Benjamin draws attention to a deviance from his previous theses. Now, insistence on what is retained at a distance, on a certain invisibility, corresponds only to a negative moment, associating ‘aura’ to cultic values, whether they be mythical or religious. The object consists in an intertwining of substance and values, beyond those of ritual, aesthetics, and exchange, involving its materiality rigidly. The singularity of the object resides in these elements that compose the aspect of a work of art.22 However, from an affirmative, or political, point of view, singularity implies the transmission of the ‘real’, as it has been empirically constituted throughout history. The metaphysical values of authenticity and originality, which seek to guarantee singularity to the object, ensure its invariability throughout its spatial and temporal transmission. ‘The authenticity of a thing is the essence of all that is transmissible from its beginning, ranging from its substantive duration to its testimony to the history which it has experienced.’ (Benjamin, 1992b: 215)

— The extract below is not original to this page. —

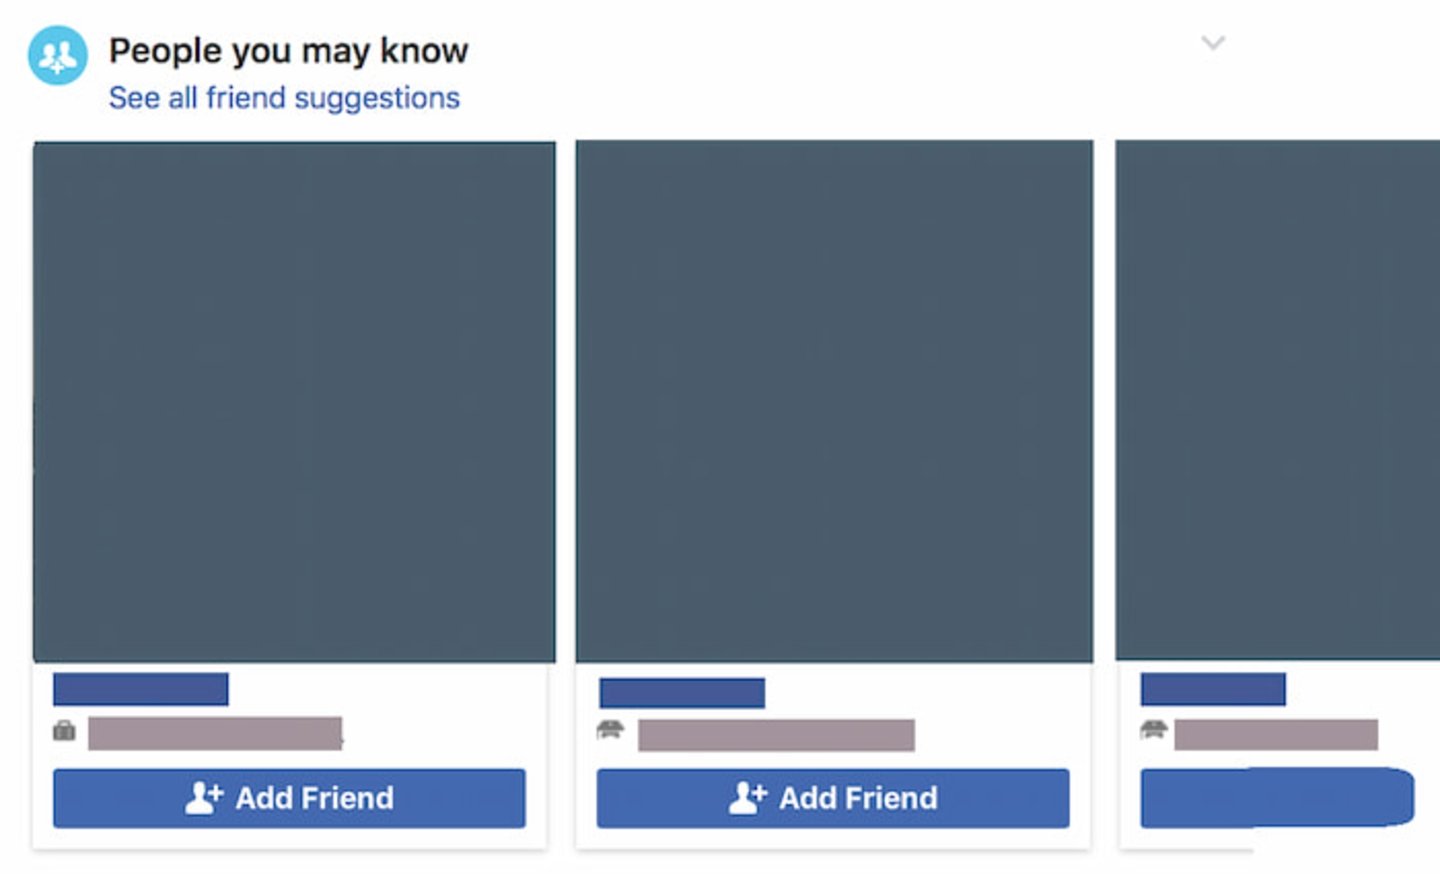 Así funcionan las sugerencias de amistad en Facebook, una característica para conectar a las personas

To my mind, the issue of tradition has been overly stressed in contemporary theory. As is common knowledge, Latin translations summarily distinguish between ‘tradition’ and ‘transmission’; however, in German the two words are almost indistinguishable from each other, for the real as it is constructed is the effect of the transmission of a particular tradition. This is the reason why Benjamin, in a later text, describes the present as an effect of a war: ‘the adherents of historicism … empathise … with the victor’ (1992a: 248). I want to argue that the concept of property is that which structures the transmission of the ‘real’, maintaining it invariable throughout time. Much to Adorno’s horror, Benjamin proceeded as if ‘property’ were the DNA of history. Aura reveals itself as a metaphysical projection of property, dissimulated under cult-like, or even aesthetical, forms. ‘The growing proletarianisation of modern man and the increasing formation of masses are two aspects of the same process. Fascism attempts 22

In a certain way, this echoes Ortega y Gasset’s (1948) ideas on the ‘dehumanisation of art’, reducing the ‘immateriality’ that invests material objects to the historical context and the spirit of the age in which they are produced.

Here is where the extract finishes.